My doomed relationship with Doug had distracted me and taken me off the path I’d planned for myself a long time ago. I had already graduated from college when I met him. I’d intended on immediately pursuing my teaching certificate so I could start my career as soon as possible. Only, that didn’t happen. Doug swept me off my feet, and very quickly, I was totally wrapped up in what I thought was a glorious relationship.

But it didn’t take very long for me to realize he was a master manipulator. What I thought was incredible romance and chivalry actually turned out to be his way of getting me under his thumb. By the time I realized what he was doing, he was already controlling everything I did. I had given up student teaching. I was no longer actively searching for a teaching position to go after when I had my certificate. He was even trying to keep me from Fiona.

That was what really brought everything into clear focus. He was horrific to me, and there were many times when I avoided going out of the place we shared because of the bruises. I had cut off all my other friends and didn’t interact with anybody other than Fiona. That was all her doing. She refused to back off and have the strong bond we created in college fall apart because of a man.

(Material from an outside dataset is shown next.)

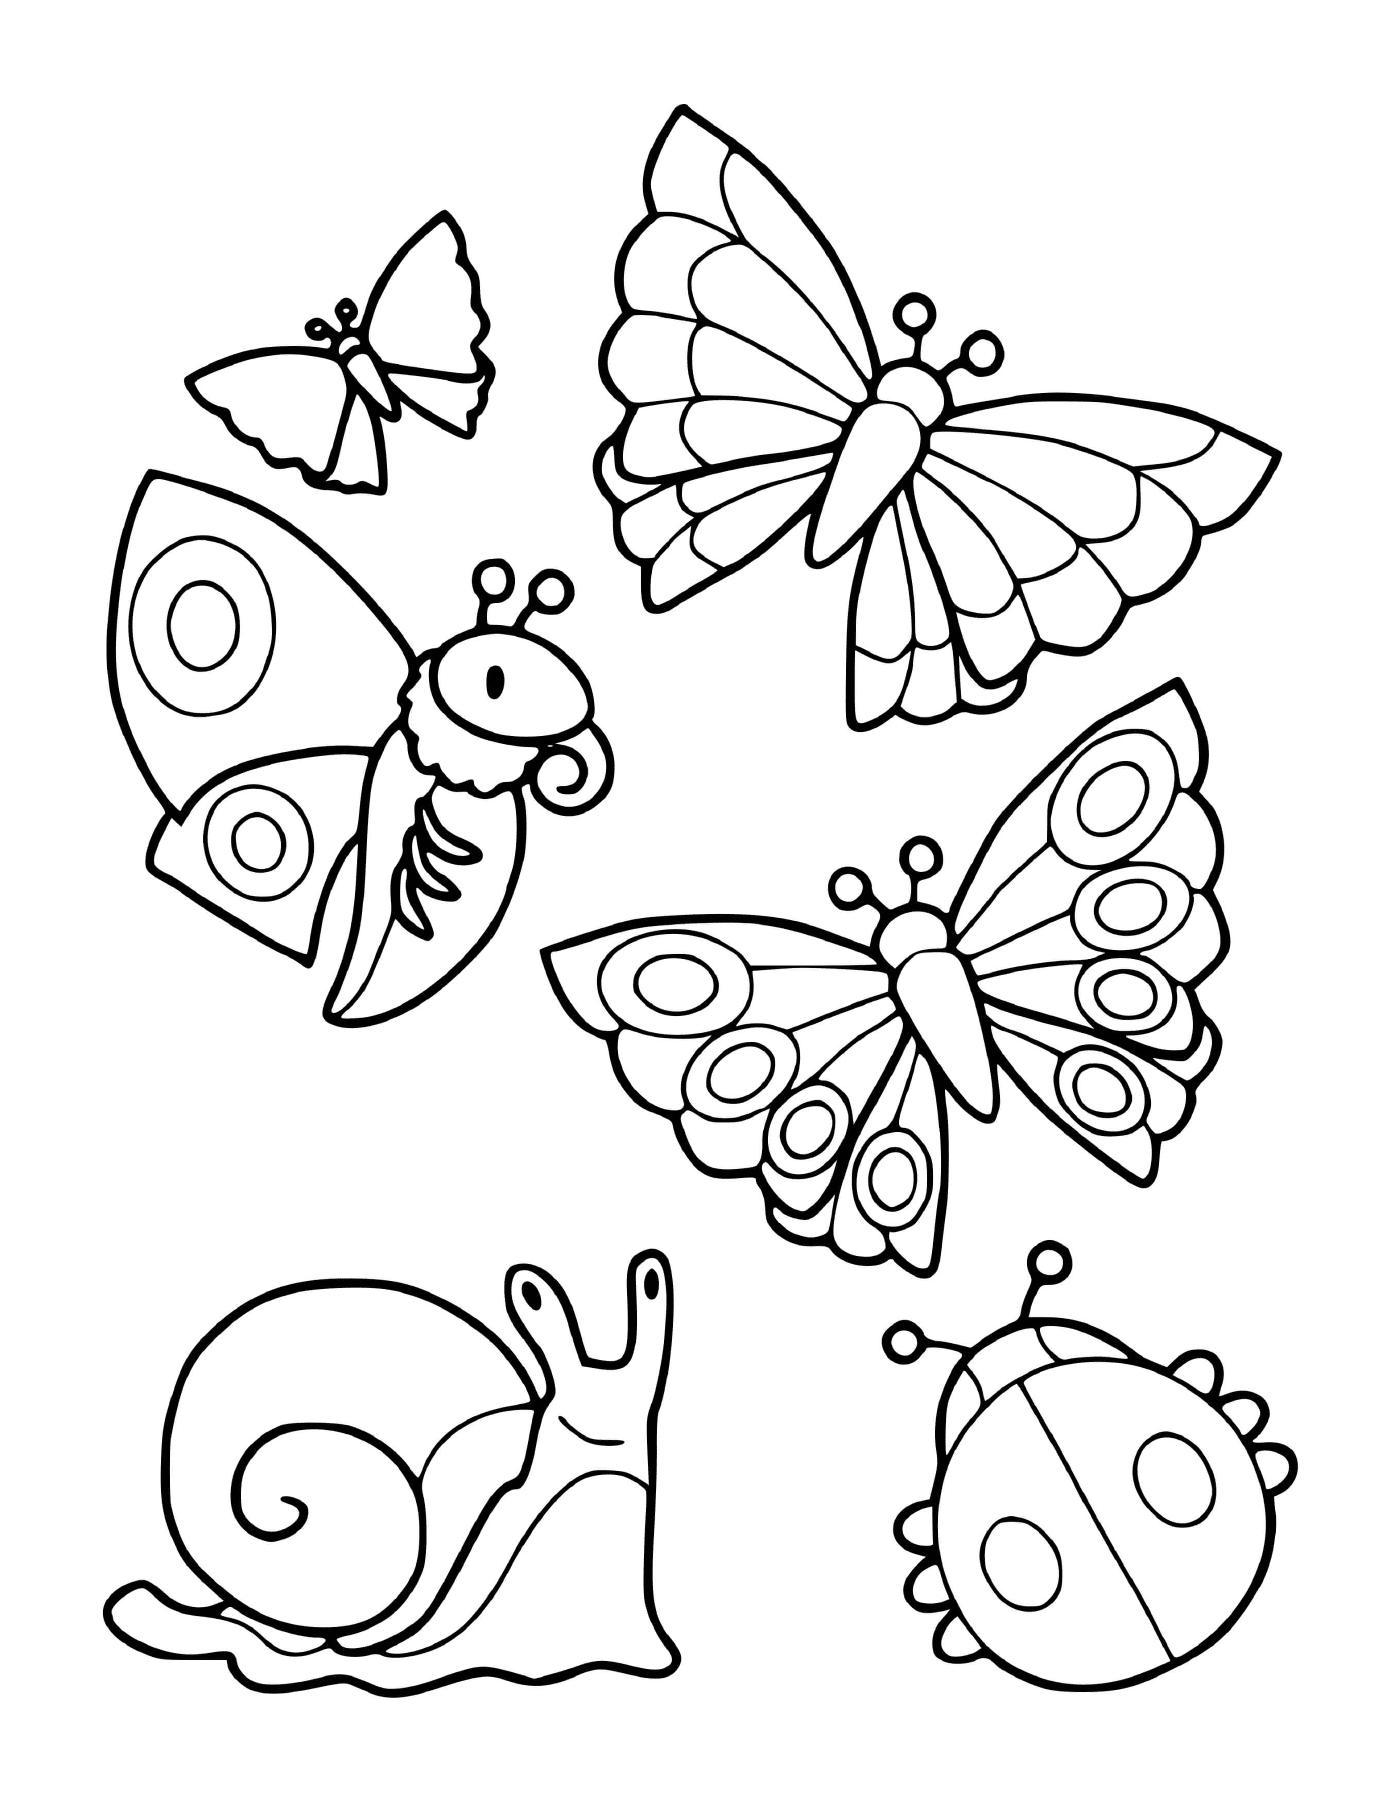  Eine Sammlung von Insekten, darunter Schmetterlinge und eine Schnecke

She didn’t know everything that was going on behind closed doors. I didn’t open up to her the way I should have, and I always managed to keep the evidence hidden when she would show up to see me. But she suspected something. She asked questions. She pushed for me to be honest with her. When Doug would make comments about me, she stood up for me. And when he would tell her she needed to leave, she would push back and tell him she would stay as long as she wanted, that he couldn’t tell her what to do.

There were times when it made things between Doug and me worse, but even in those times, I was glad for it. She had the strength during those moments I didn’t have, and I enjoyed seeing someone put him in his place. It was those shows of strength and unwavering loyalty to me that eventually gave me the courage to push back and get out.

When I was out from under him and he was where he belonged, held behind bars awaiting trial for all the charges I pressed against him, I was able to see myself again. I could see my own life, the things I still wanted and what I hoped could still be a reality. It was hard to find traction and get things going again, and there were days when I thought my chances were gone, that I threw the opportunity away and was going to have to find some other dream. Or maybe not a dream at all, but just some way to survive.

But that call changed everything. It proved I did still have room in my life for dreams and the ability to make those dreams into reality.

A few weeks back, I found out the computer science teacher at the local high school was retiring at the end of the school year, and the school didn’t have a replacement lined up for him. They were taking applications, and I gathered up the courage to submit mine. Even though I didn’t technically have my teaching credentials yet, I told them I would by the end of the year and listed my degree and other qualifications.

Getting called in for an interview felt like a good first step. It was at least a cautious movement in the right direction. I felt like the interview had gone fairly well, but then they hadn’t called. It was a blow, even if it was somewhat expected.

But then the call came. Not only did I impress them with my resume, but they thought my interview was great and that I would be an ideal fit in the school. The fact that I didn’t have my certificate yet wasn’t at all a problem for them. They said I could combine my student teaching hours with my work schedule and get my credentialing in a real-world scenario.